1 hour

My back is never straight when I sit, especially when I sit at this desk. There’s this pose that I call, “Getting ready to get up again and do something else.” Answer the door for the food I just ordered or get the clothes from the washing machine that just beeped. Perhaps get a snack or add some ice to my water cup. My left leg is slightly pointing to the left, instead of facing the wall behind this desk. A zero-commitment posture, for sure.

Tonight I push my chair in, lock both legs by placing my right foot on the back of my left ankle. Back is straight, both arms free and available, phone in the drawer, silent. This posture is one of discipline, even when I have no idea what I’ll write. I just know that it’s been too many days, and too many ignored reminders.
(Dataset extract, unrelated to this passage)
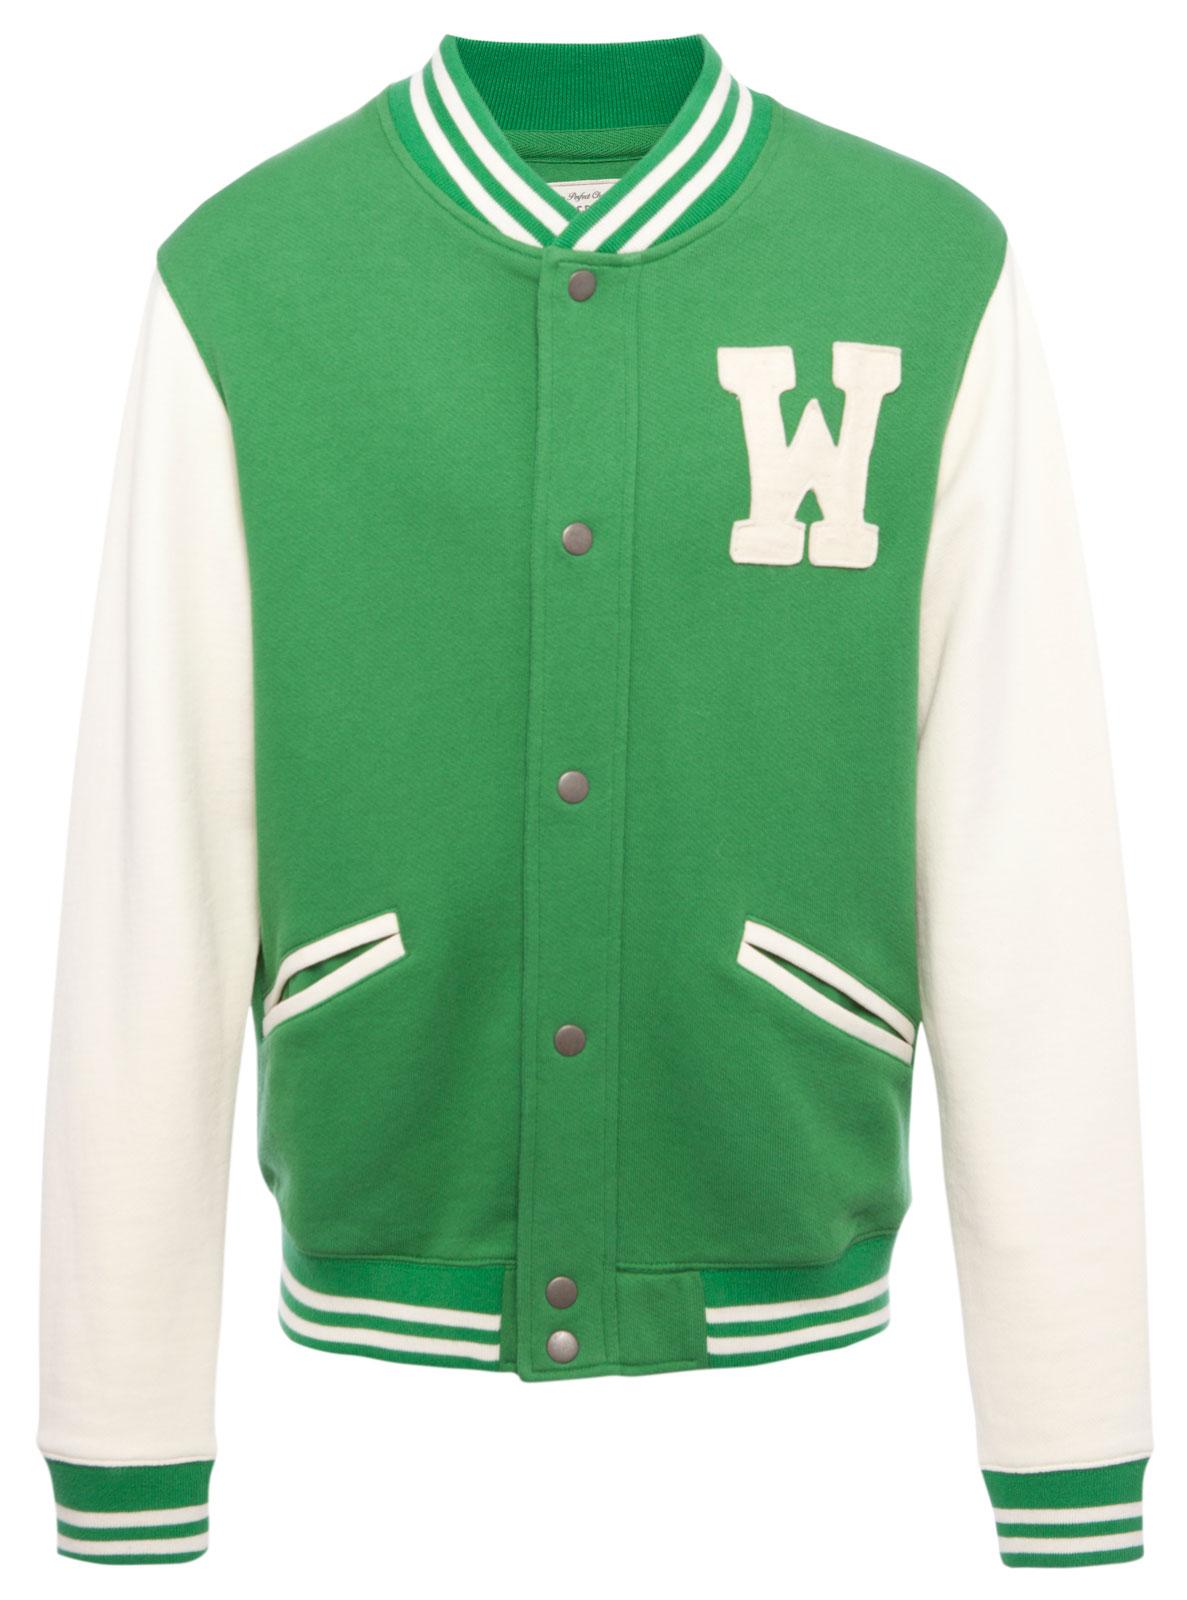 Green Jackets Baseball - My Jacket

Feelings. That’s the first word that comes to mind as I start this paragraph. So, I’ll throw in this story and see where it leads.

Last week, we finished reading a very emotional and controversial read aloud in class. One that ends with the sudden death of a beloved dog and the idea of a potential happy ending, but an ending we’re not sure the main character and his grandfather actually get. As with every emotional book I read to students, tears joined that last read, with shared anguish and many questions. A few days later, some of them asked for copies of the book to reread it. My first thought was, “I would do the same thing. Read it on my own, doing my thinking alone.” I smiled under the mask and handed out two copies.
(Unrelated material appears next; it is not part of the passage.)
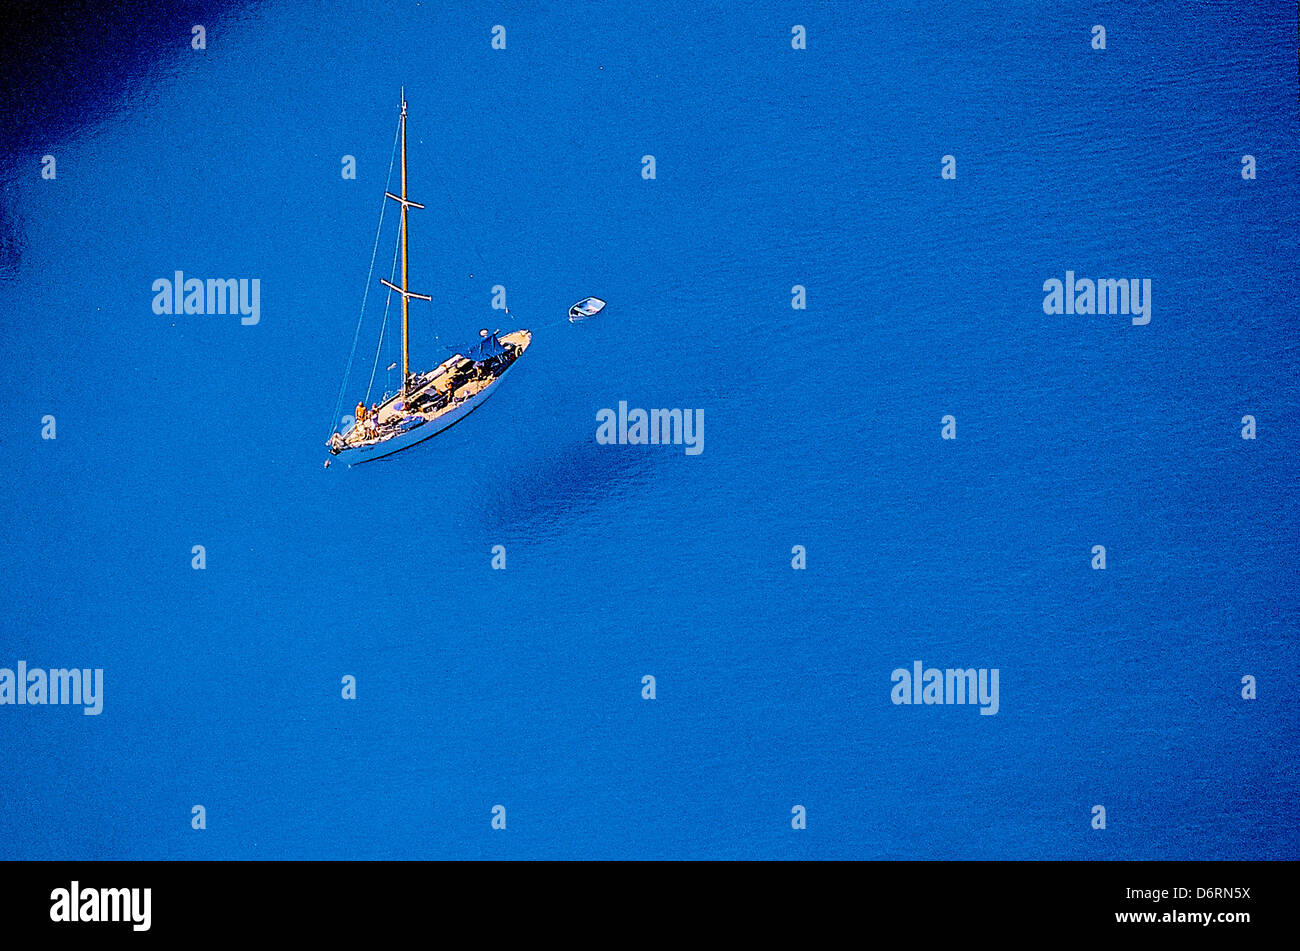 Greece, Ionian Sea, Zakynthos Island, Sailboat on blue sea - Stock Image

This morning, one of the boys came to me and asked, “Is this book like ‘Freddy,’ are there more?” English isn’t his first language, so I paraphrased his question, “Do you mean, part of a series? Sadly no, that’s the only one. Why do you ask?” He responded with another question, “So how do I know what happens next? It’s so sad. Searchlight died.” At that moment, I felt grateful for this learning moment and talked with him about the great potential in endings like this one.
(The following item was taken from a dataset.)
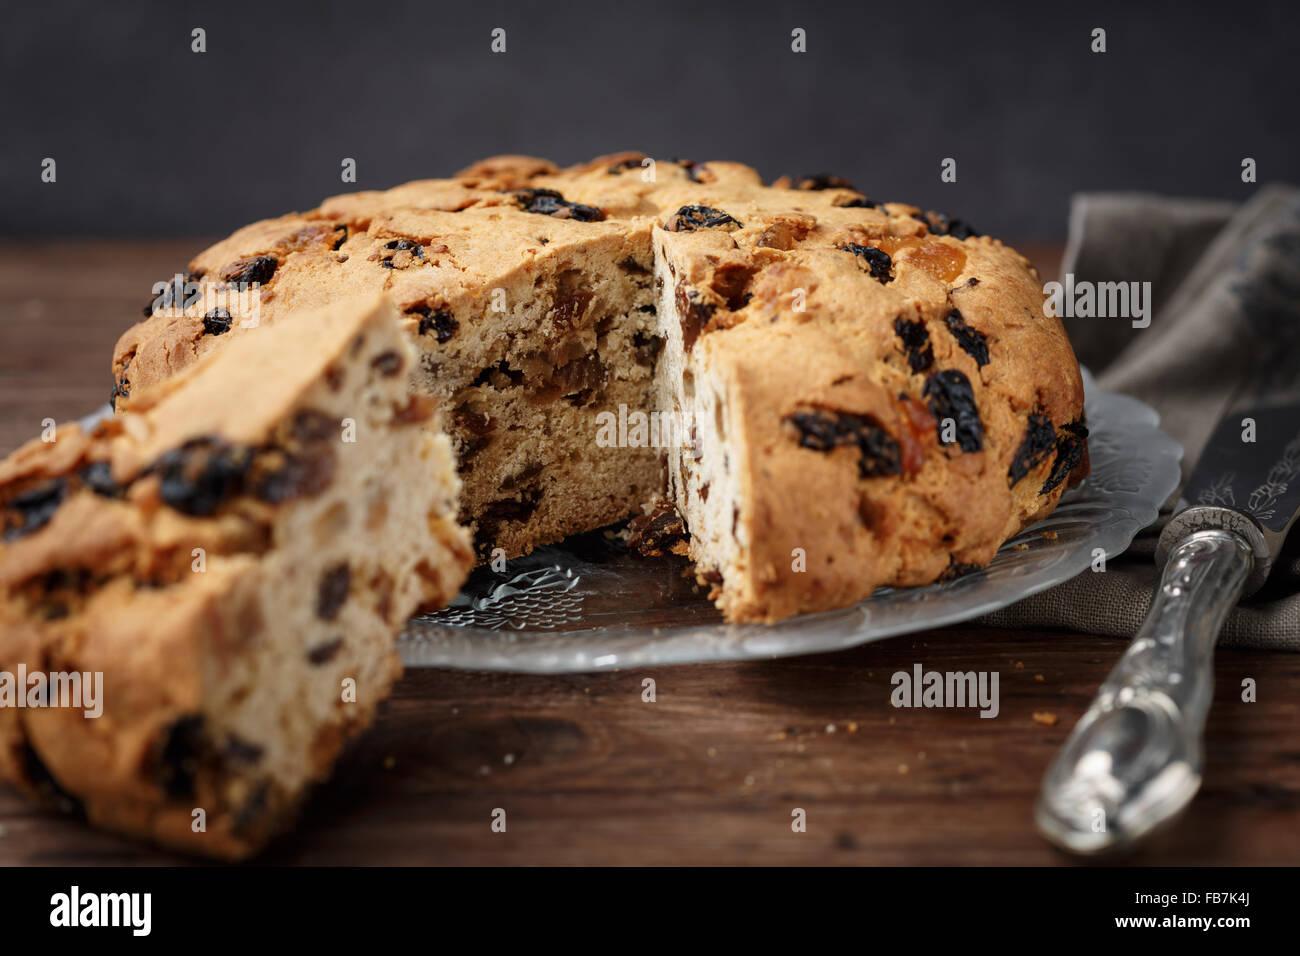 Pandolce Genovese (Genoa Cake) - Stock Image

One of the reasons [I think] I wanted to share this story is because of how it validated the strong connection between books and understanding feelings. Recently, I’ve been reading about empathy and how to support children in becoming empathetic people. One of the chapters in this book describes the impact of reading fiction and picture books to help children develop emotional literacy and identify such feelings in others. There’s another reason, though, one that just popped out nowhere as I wrote and reread these lines. Well, not really. It’s kind of obvious if I am honest with myself. The eagerness in the boy’s request made me dwell on this topic because I’ve been flirting with the idea of writing stories for children for quite a while.

Now, huge personal disclaimer, I can be a mean flirt. When I was single, it was just a game. So, when I flirt with ideas now, I see myself as a 20-year-old all over again—making eyes at huge dreams I have. Dreams that look so sexy and desirable, but too far to make an effort. So far, I don’t even feel it’s right to put them into words right here.

The feelings that boy experienced when I read that story to him, and felt again when he read the book a second time, that’s why the flirting annoys me. Because the idea of just one child connecting to a character and learning about something meaningful is worth growing up for, mostly because what else am I left with? More blog entries like this one filled with excuses and the self-imposed shame for not writing consistently? A ridiculous back and forth to get things going just to spend three more weeks without writing a single word. Silly flirting.

Rereading what I’ve written here so far makes me pause, breathe deeply, and try to come up with an ending that isn’t just another fake goal I set for myself. I will admit, though, that writing like this tonight makes me hopeful. I didn’t follow my usual routine of having a glass of wine, choosing a specific playlist, and writing on a Google Doc first just to avoid the “Publish” button staring back at me with that judgmental but lovely shade of blue. Instead, tonight I went straight to the dashboard, skipped the full “Draft” section, and began to share thoughts out loud. The plan was simply to write and post something and in an hour, just like that guy once said.

Will I commit to writing another story for children later? Who knows. What I know is that I can go to bed now feeling good about writing something tonight, and that’s enough for now.